Overview
Load and PreProcess Data
- Word Tokenizing and Normalization
- Final Document Summary
More Summary Statistics
- Document Term Matrix
- Summary Plots
Prediction Application

Overview

Complete Code May Be Viewed in this Github Location

As engagement with mobile devices becomes second nature for us, we’re experiencing more effective means of capturing the intended content of communication on these devices, viz. dynamic spell-checkers, swipe-able keyboards, and next word predictors. The aim of this analysis is to lay the foundations for a word prediction app. that may be used in a similar vain to that of Swiftkey’s next word prediction feature in their keyboard application.

Specifically, this report’s objectives are the following:
* Load and clean the input datasets required to train the prediction model,
* Explore summary statistics and analyze the dataset for other revelations,
* Layout a blueprint for the prediction algorithm and the prediction application.

Load and PreProcess Data

This exercise uses the files named LOCALE.blogs.txt where LOCALE is each of the four locales en_US, de_DE, ru_RU and fi_FI. The data is from a corpus called HC Corpora. From the site: HC corpora is a collection of corpora for various languages freely available to download. The corpora have been collected from numerous different webpages, with the aim of getting a varied and comprehensive corpus of current use of the respective language.

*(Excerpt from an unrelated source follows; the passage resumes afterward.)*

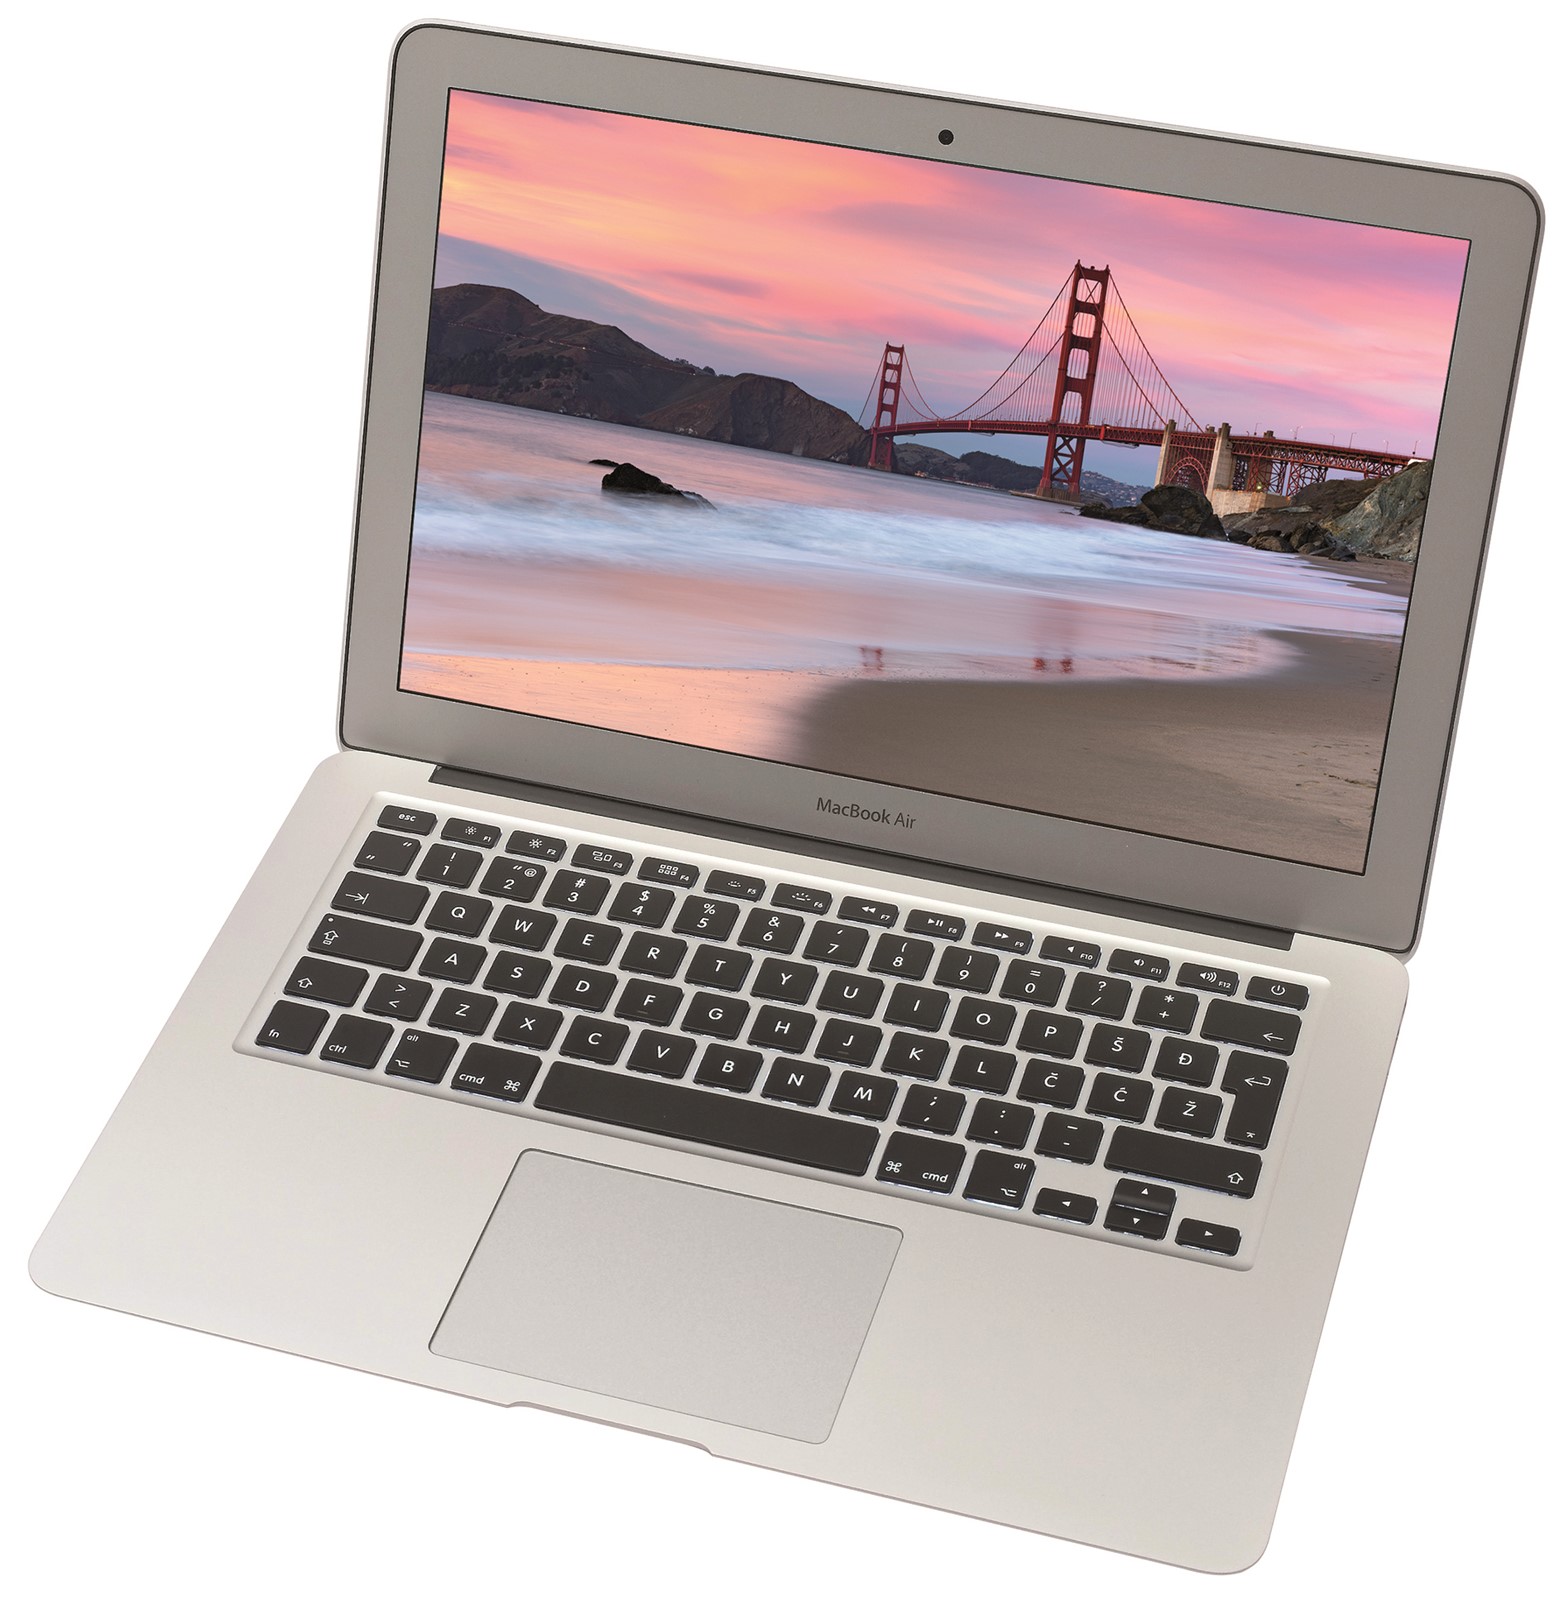 Apple MacBook Air 13 (2018) - Prauzor svih ultrabook računala danas je  jeftiniji nego ikada - Recenzije @ Bug.hr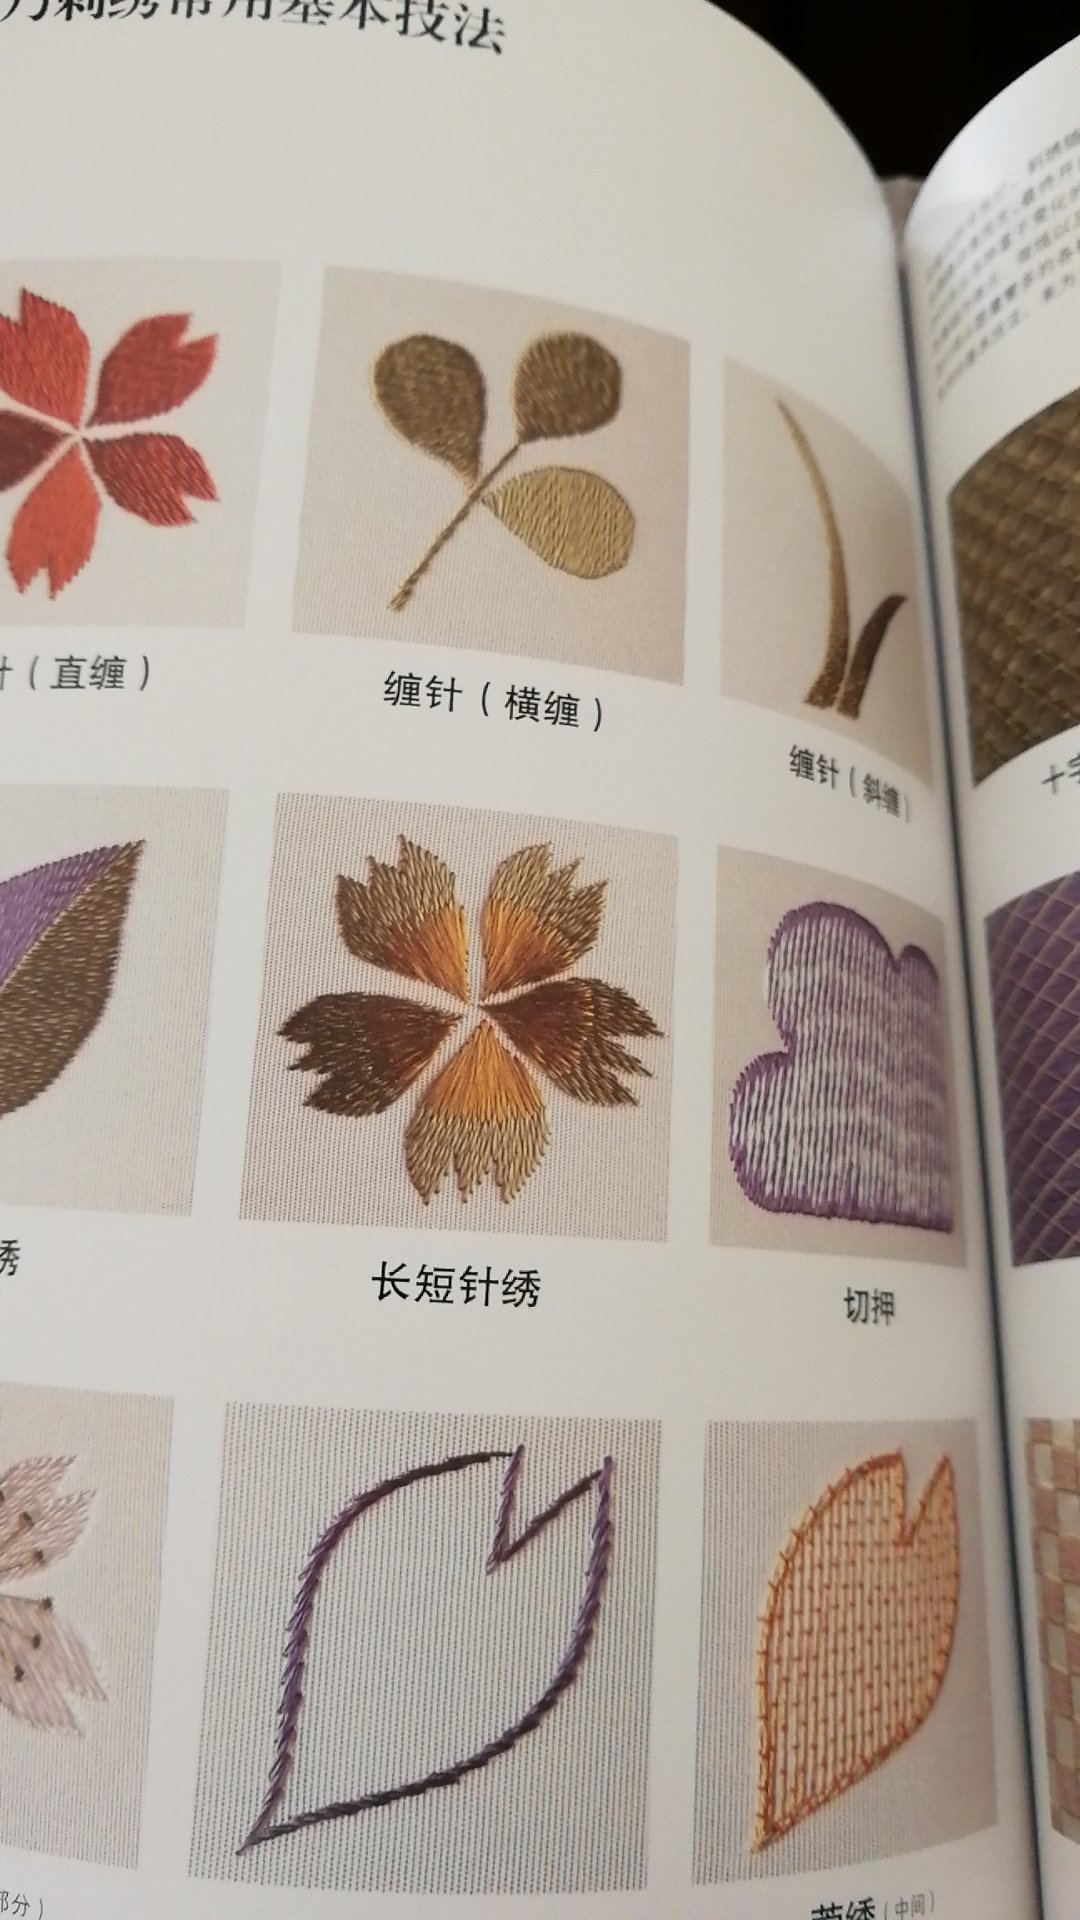 图印得非常清晰，日本绣法很华丽平整，所以慢慢学习吧！

I first read in the text files and unpack them into what turns out to be very large Corpora containing the following corpus types:

Blog Text: A collection of blog posts.
News Text: A collection of news articles.
Twitter Tweets: A collection of Tweets.

Before we can collect some summary statistics for each, some preliminary cleanup is needed. Specifically:

Word Tokenizing and Normalization

Each of the corpus(es?) in the Corpora are stored in three character vectors in the “corp” logical object. In order to get a better understanding of each, it is necessary to first perform the following pre-processing steps:

Force Lowercase
Remove Numbers
Remove Punctuation Characters: Attempt to remove special characters that result in emoticons, that are apostrophes, periods, commas, semicolons, excessive punctuation. Exceptions: Preserve the octothorpe “#” character in the Tweets corpus to analyze significance of tweeted hashtag context.
Strip Unnecessary Whitespaces

Document Summaries

The following table shows the approximate token counts for each document type, after the steps above:

document.source	size_MB	lines	tokens	types
Blogs	239	899,288	36,818,677	874,912
News	239	1,010,242	33,476,199	890,333
Twitter	289	2,360,148	29,421,345	1,535,213

Stop Words

To get a better type grouping, and for better frequency analysis, we get rid of common stop words such as were, ours, doesn't, aren't, at, isn't, that, theirs, above, out, etc.

Stemming

Finally, we chop the word affixes from their stems to improve type grouping and frequency analysis.

Lemmatization

We choose not to perform any lemmatization on account of the rather generic problem domain.

Final Document Summary

After all our pre-processing is complete, we see the following document summary:

document.source	size_MB	lines	tokens	types
Blogs	177	899,288	19,359,446	617,781
News	189	1,010,242	19,657,775	648,259
Twitter	248	2,360,148	17,464,307	1,250,967

More Summary Statistics

On account of the Corpora being so large, I’ll have to explore stats on a random sample. I’ll create a “sub” corpora, sampling 2% of the original corpus.

Document Term Matrix

First, generate the sub-corpora, then the document term matrix, which will give us the frequency of terms. The 20 most frequent terms in the this sample corpus are:

will	6574
one	6086
like	6059
just	6037
get	5987
said	5958
time	5234
can	5153
day	4466
year	4382
make	4079
love	4002
new	3882
know	3718
good	3677
now	3633
dont	3548
work	3542
say	3316
want	3203

Summary Plots

50 of the most frequently occuring words in the sample:

Finally, here’s a wordcloud of words that occur at least 100 times or more in the sample corpora:

Prediction Application

So far I’ve settled on using a multi-gram Bayesian model to act as the predictor for the word prediction application. I’ll experiment with tri-grams and quad-grams with the Markov assumption in place. Basically, the prediction model will be computing something like: P(next word | bi-gram/tri-gram/etc.).

End of Report